The Silent Monologue follows the life of Amy who, at a very young age, is sent to Dakar to work for a Senegalese family. In Black Girl, Ousmane Sembene zoomed on the life of a Senegalese maid working for a white French family in Senegal and France. Khady Sylla does not leave her native Senegal and the team behind the camera gives us a very incisive analysis of an African society, its casts and class issues and the unfulfilled dreams of independence.

The Silent Monologue is a film that goes beyond the slogan Africa for Africans to promote the notion of a better Africa for all Africans. As in Black Girl, the maid is mainly silent. But here, we hear a persistent monologue that Amy has in her head as she goes about performing the daily tasks of her daily life reflecting on the ills of a contemporary Senegalese society.

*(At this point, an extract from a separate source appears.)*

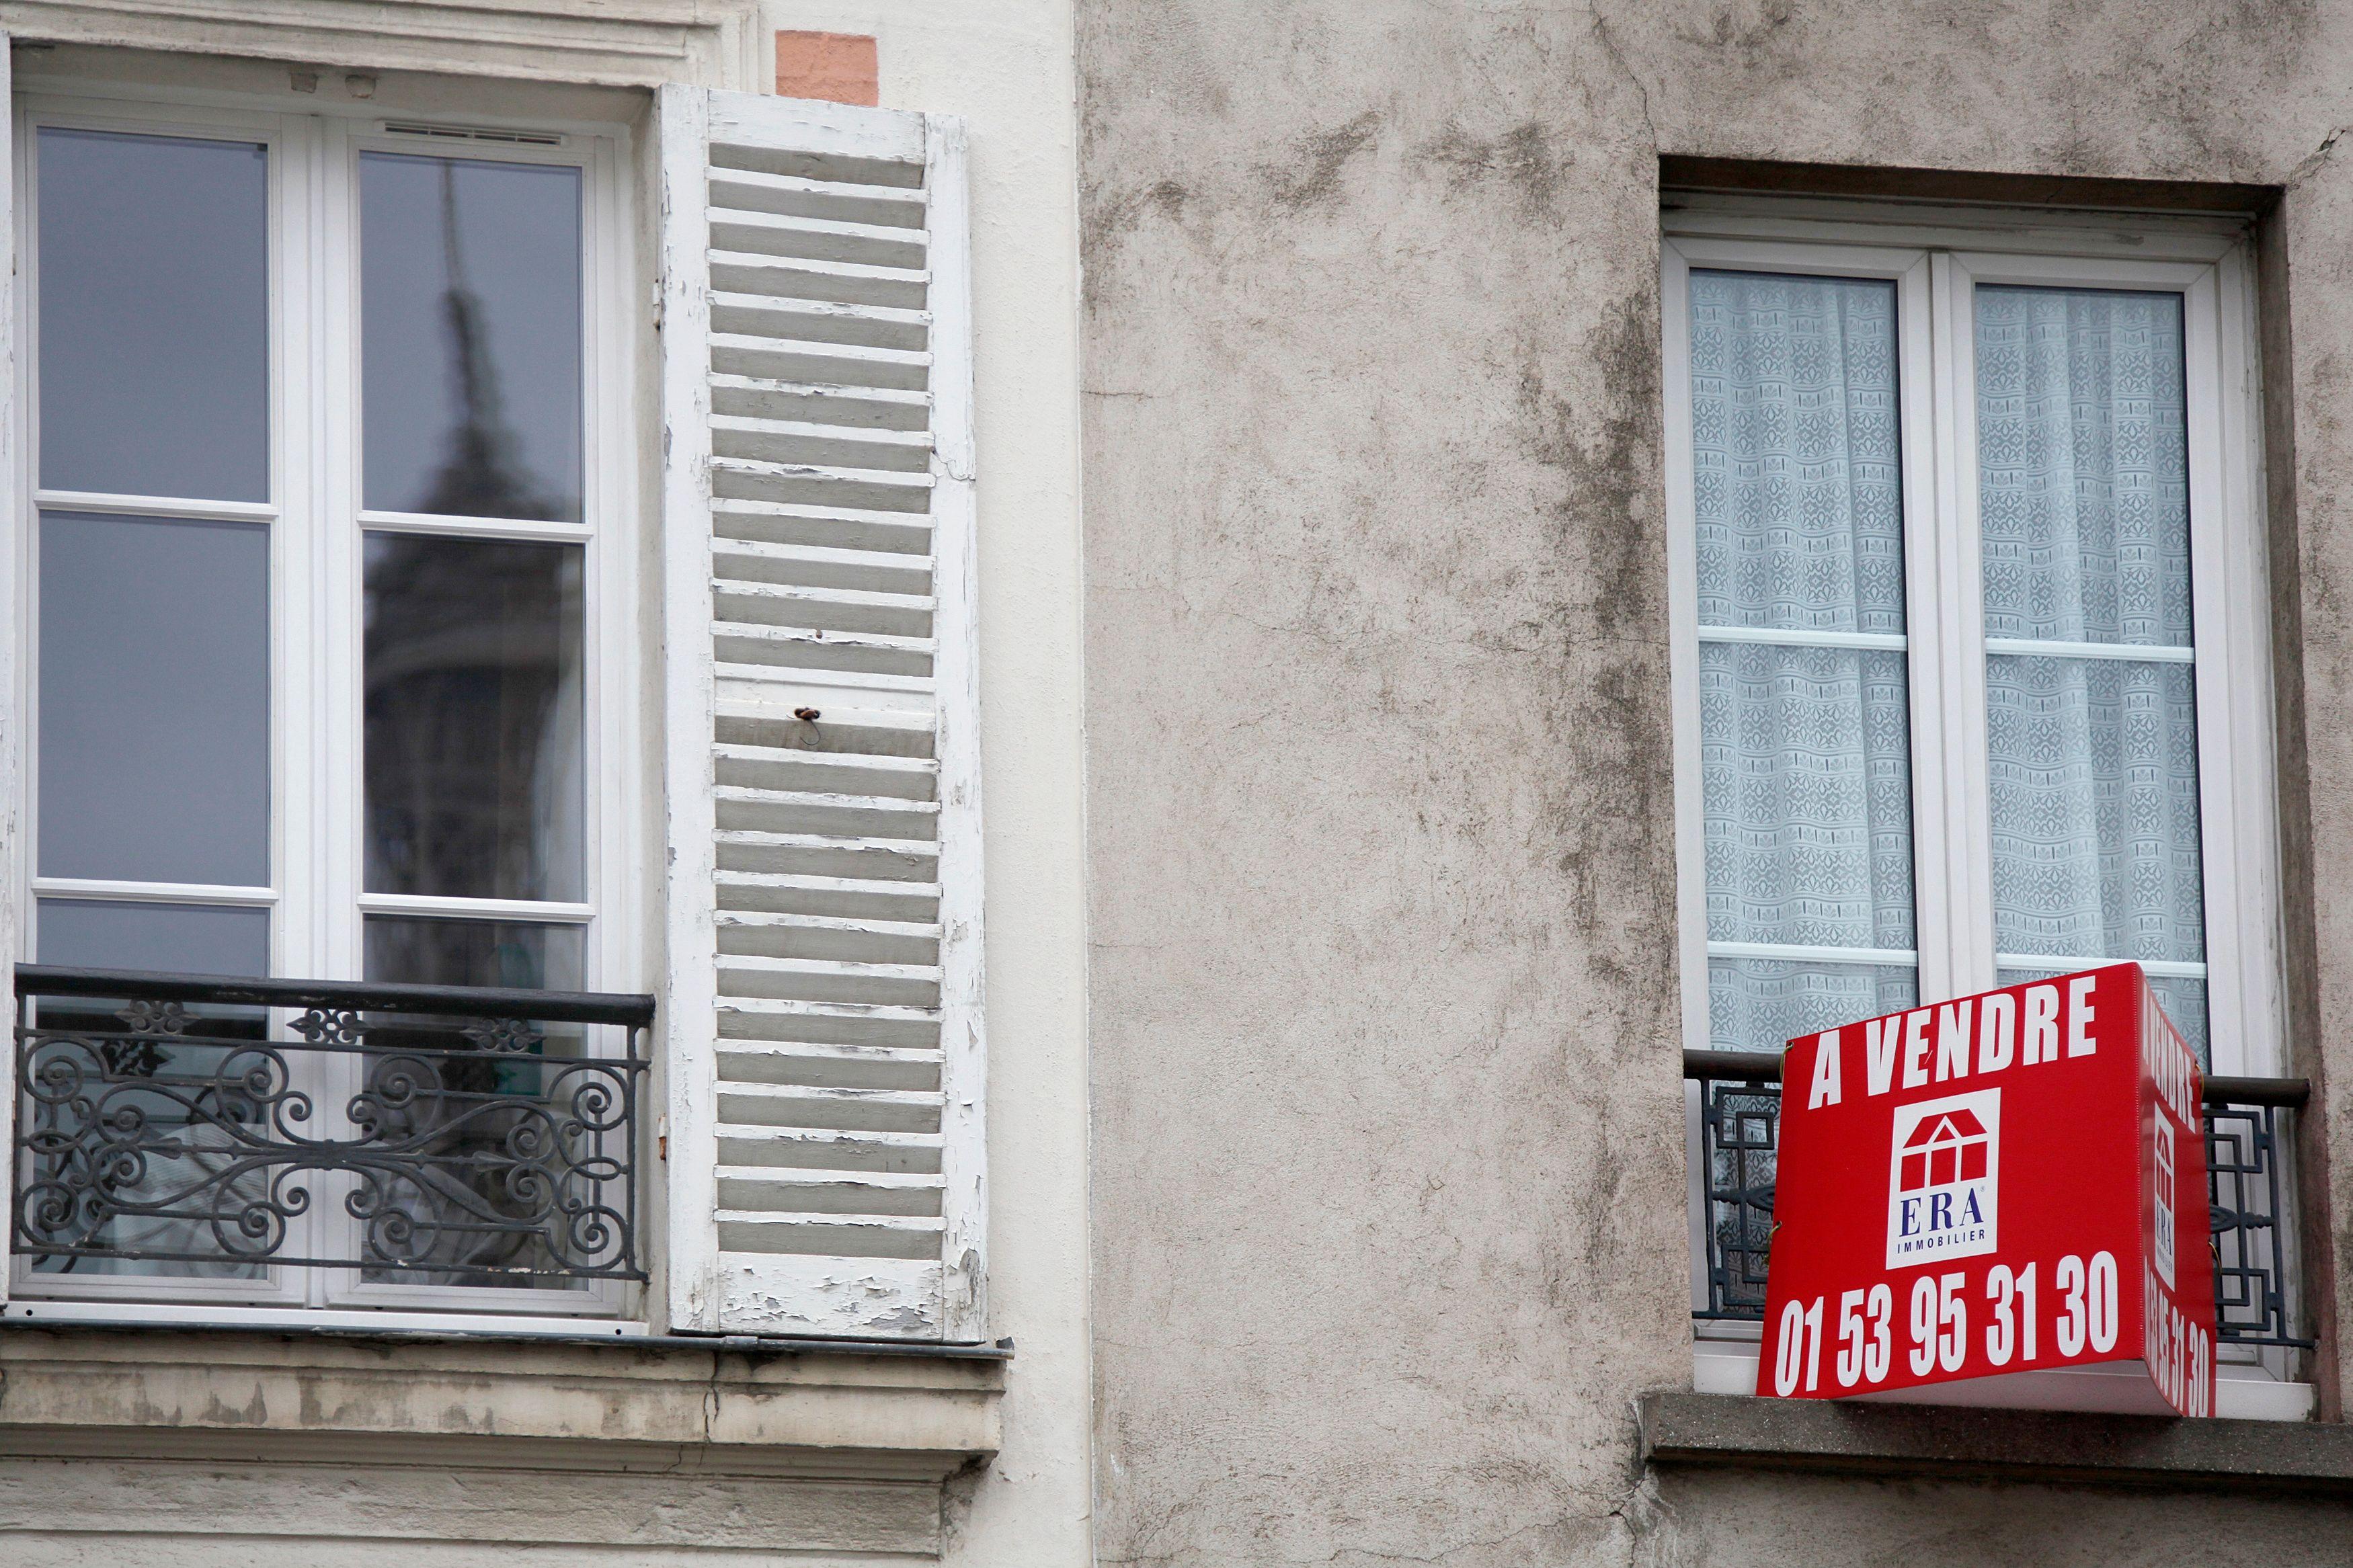 La baisse des prix immobiliers est annoncée.

With a combination of documentary and theatrical mise en scene, the authors give Amy a voice that is the voice of a woman in one of the lowest echelons of society, however capable of a lucid analysis of her human conditions and that of her peers.

The Silent Monologue is a political film, a combative film and a film rooted in the artistic tradition displayed in the work of other Senegalese authors such as, Ousmane Sembene, Djibril Diop Mambety and Safi Faye.

The Silent Monologue is the second film by Khady Sylla distributed by ArtMattan Productions.

In her other film, Colobane Express, we observe 24 hours in the daily life of drivers and passengers of the public vans in Dakar.